--- What you need to do ---
Below are records; print only the lines from the line containing "NOTES from the" to the end, both included, reproduced exactly and without the pictures.

Extracted data entries:
--- START ---
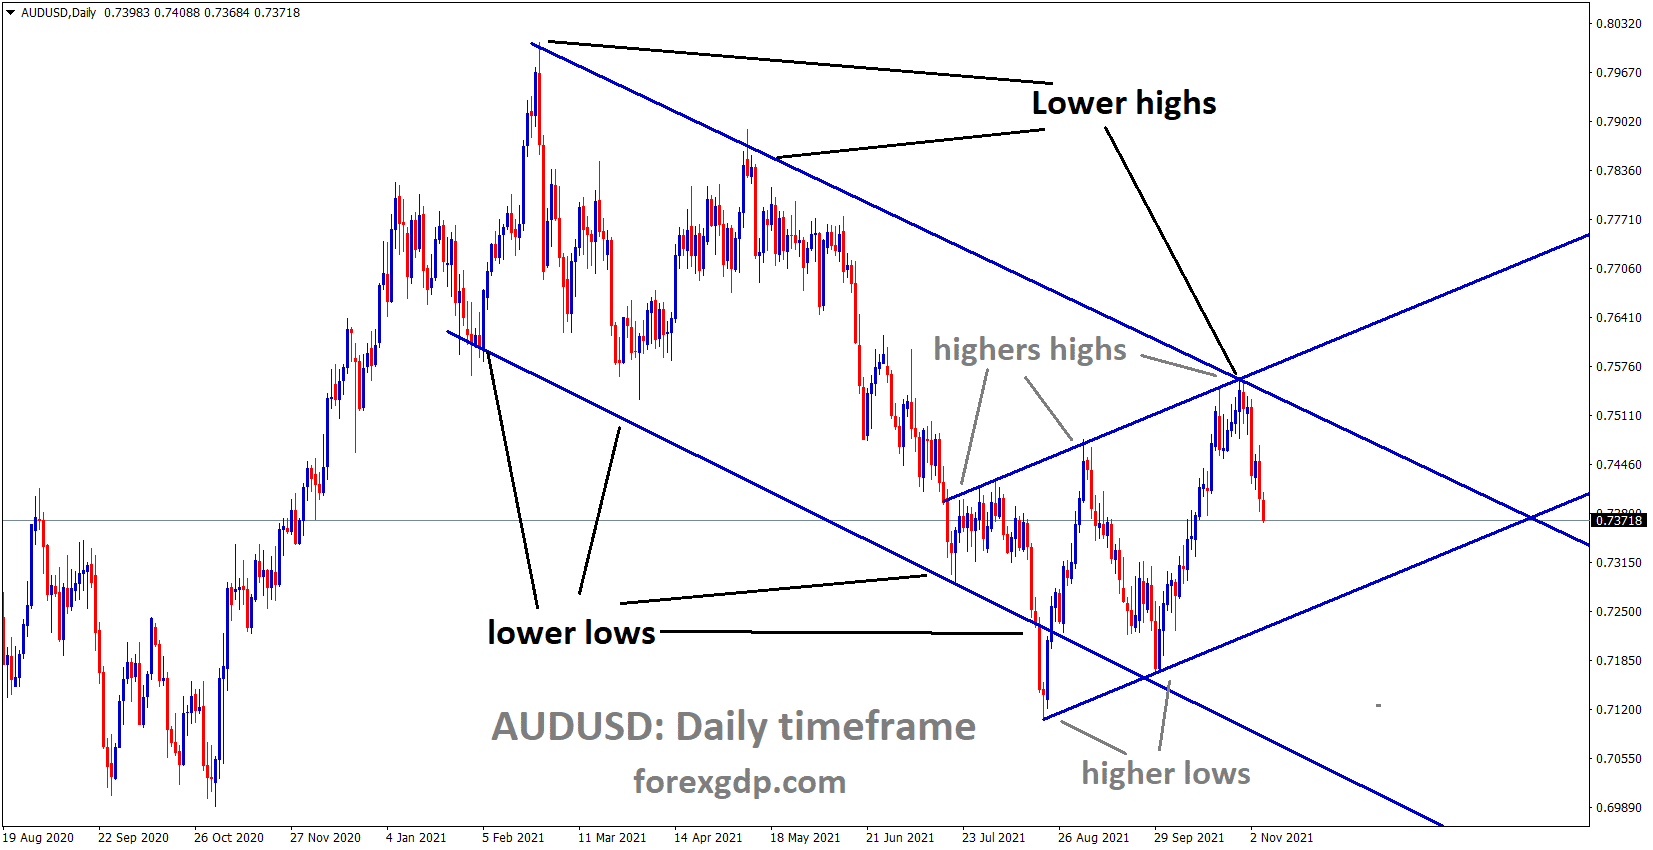 AUDUSD is moving in the Descending channel and the market fell from the Lower high
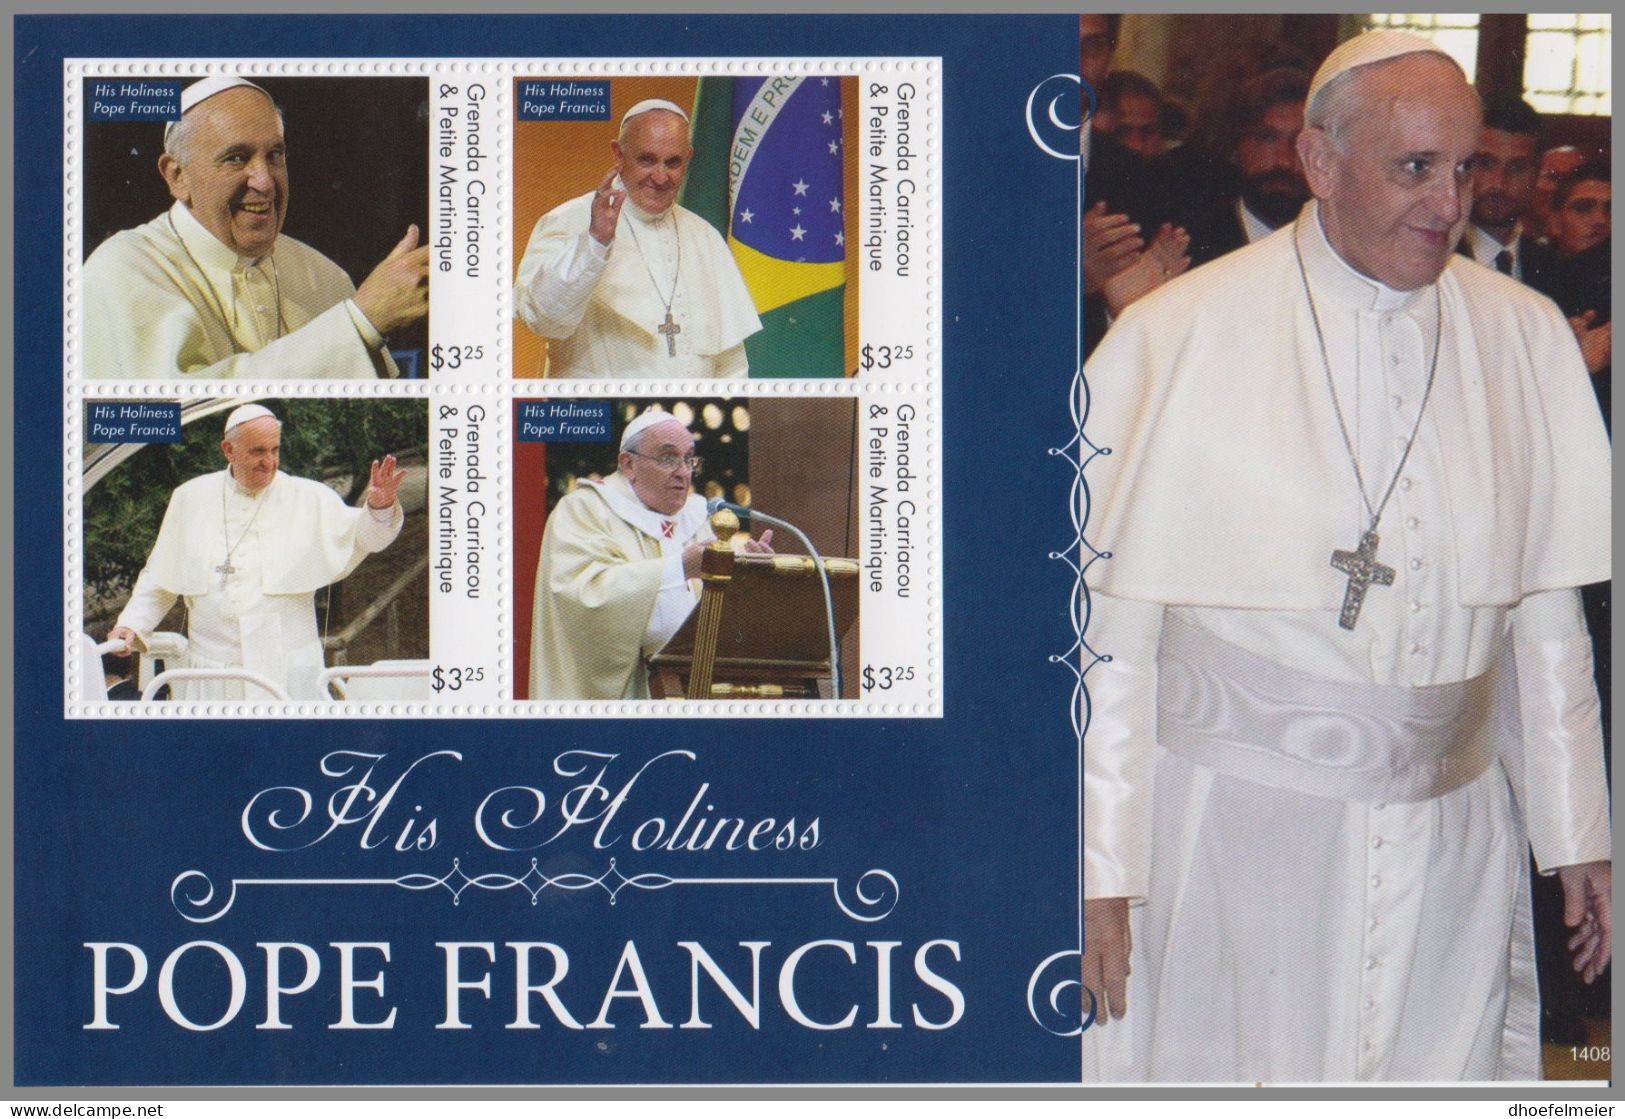 GRENADA CARRIACOU 2014 MNH Pope Francis His Holiness 1408 M/S – OFFICIAL ISSUE – DHQ49610 - Pausen
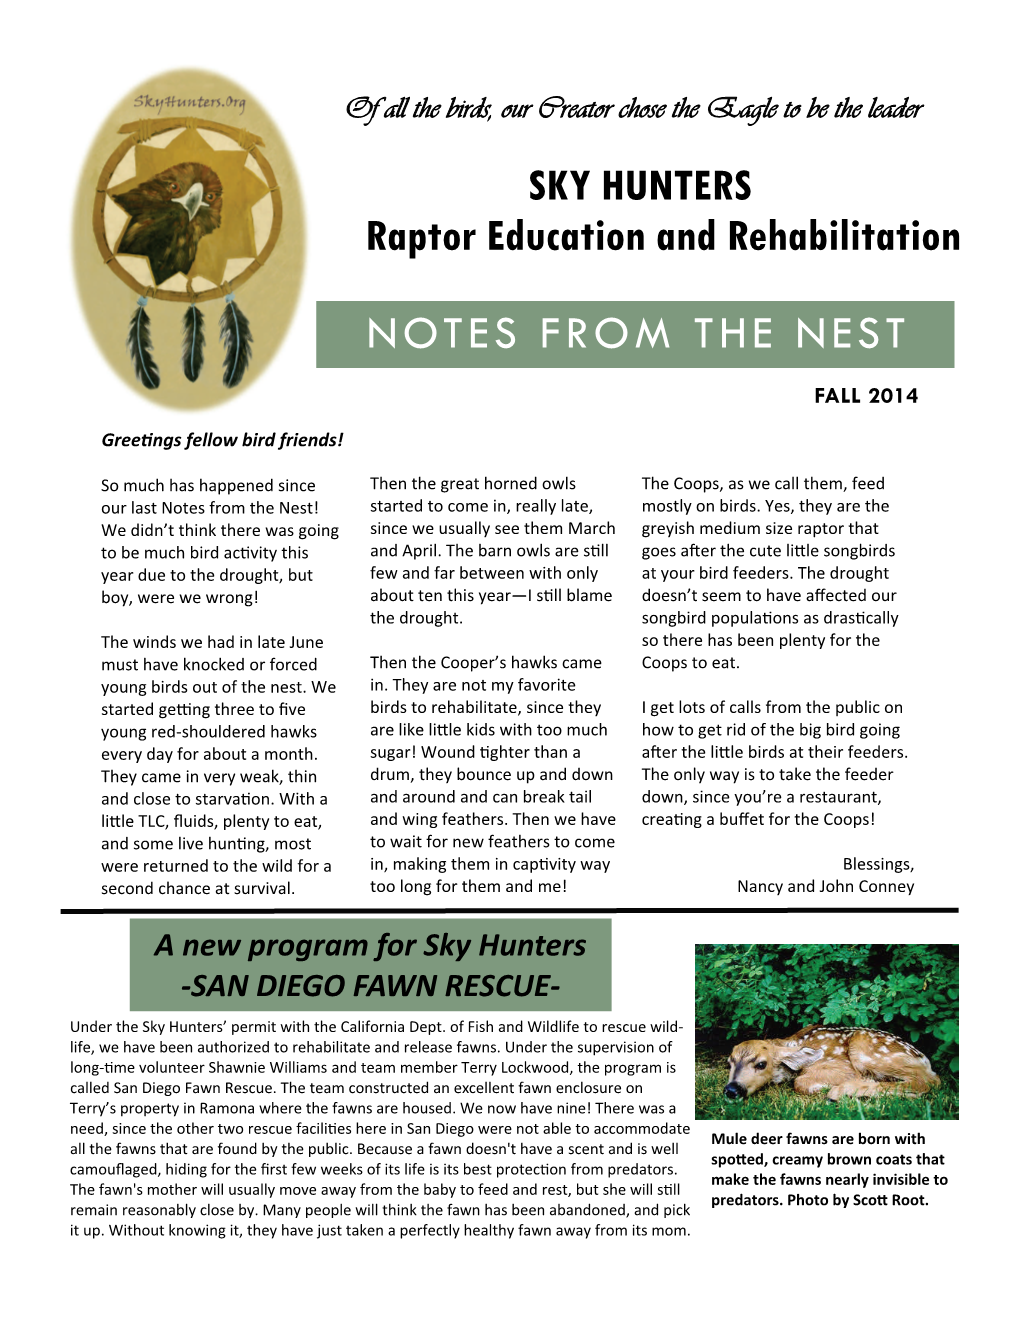 NOTES from the NEST SKY HUNTERS Raptor Education and Rehabilitation
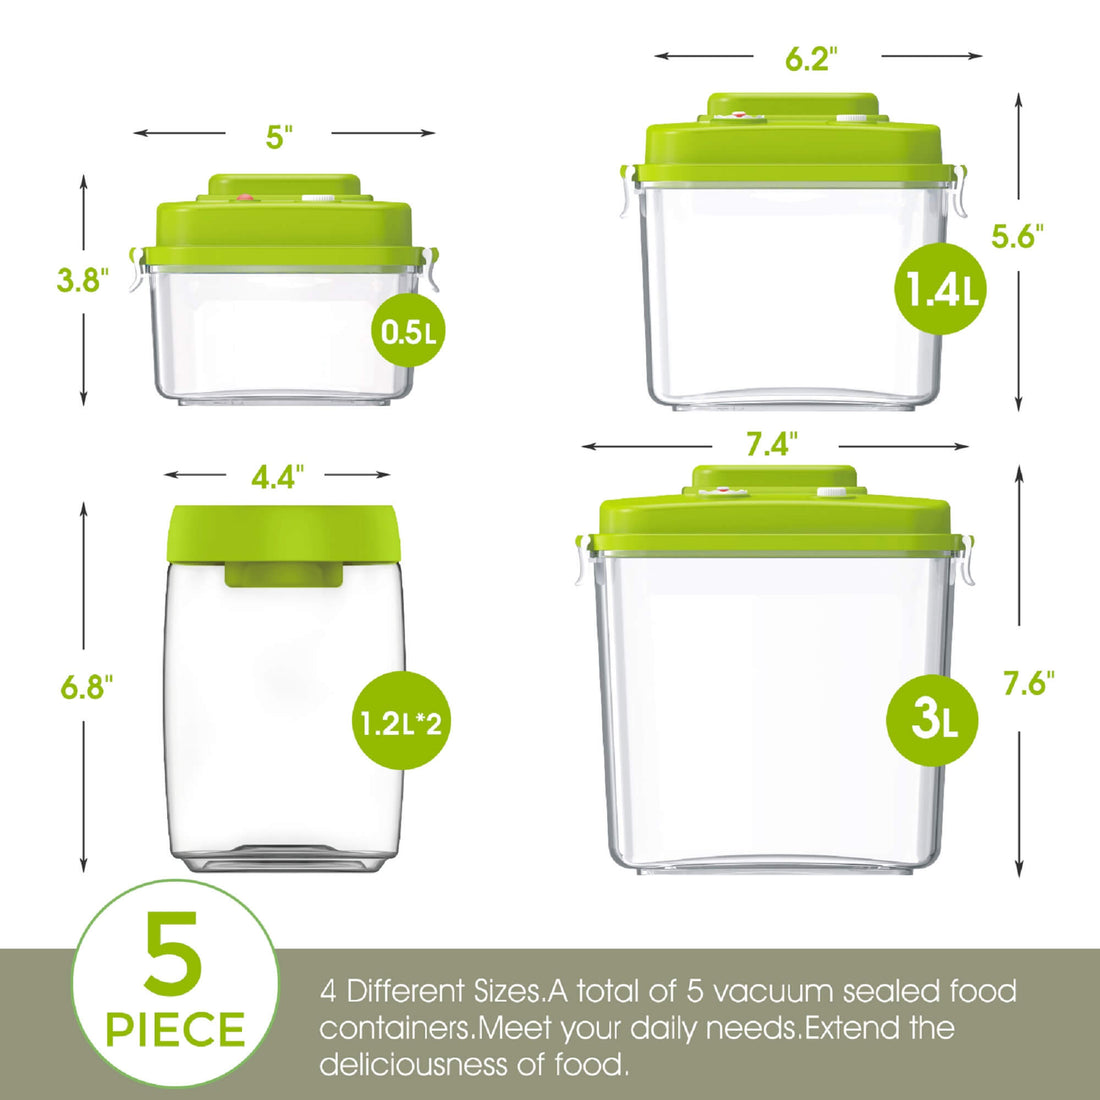 Airtight Food Containers - Set of 6 White (1.2L)
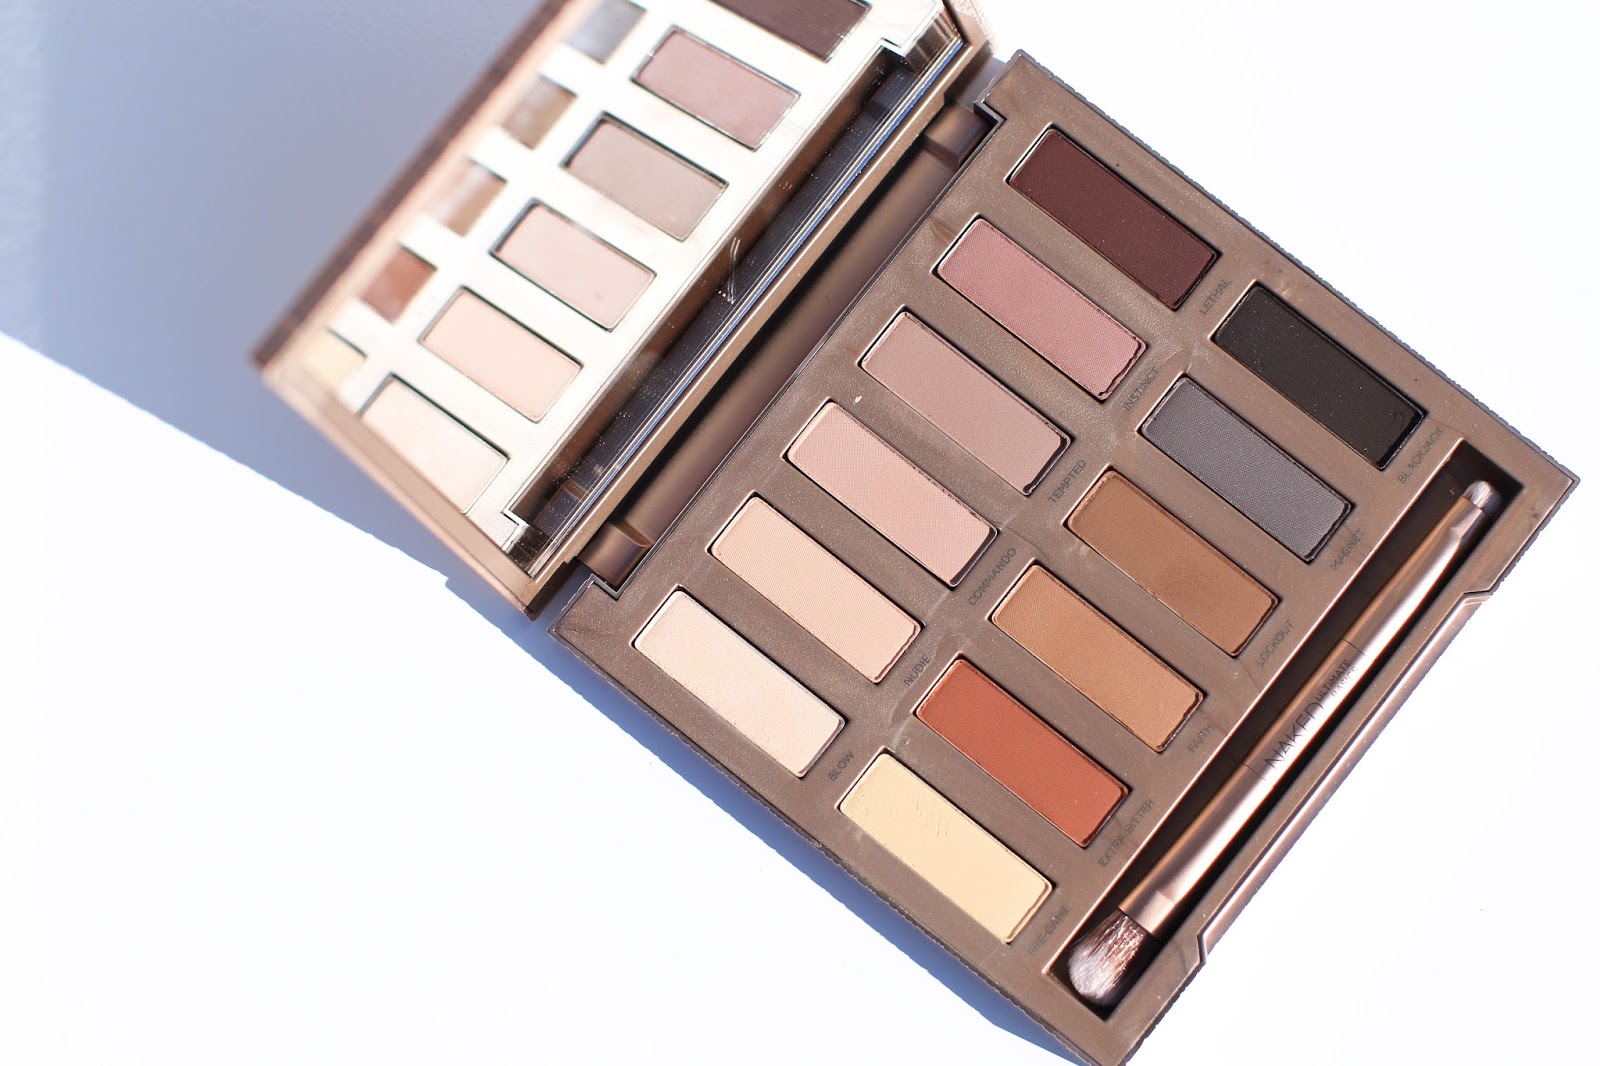 New Urban Decay Ultimate Naked Basics Palette For Sale In Fairview, Dublin
--- END ---
--- Expected answer ---
 NOTES from the NEST SKY HUNTERS Raptor Education and Rehabilitation
 Airtight Food Containers - Set of 6 White (1.2L)
 New Urban Decay Ultimate Naked Basics Palette For Sale In Fairview, Dublin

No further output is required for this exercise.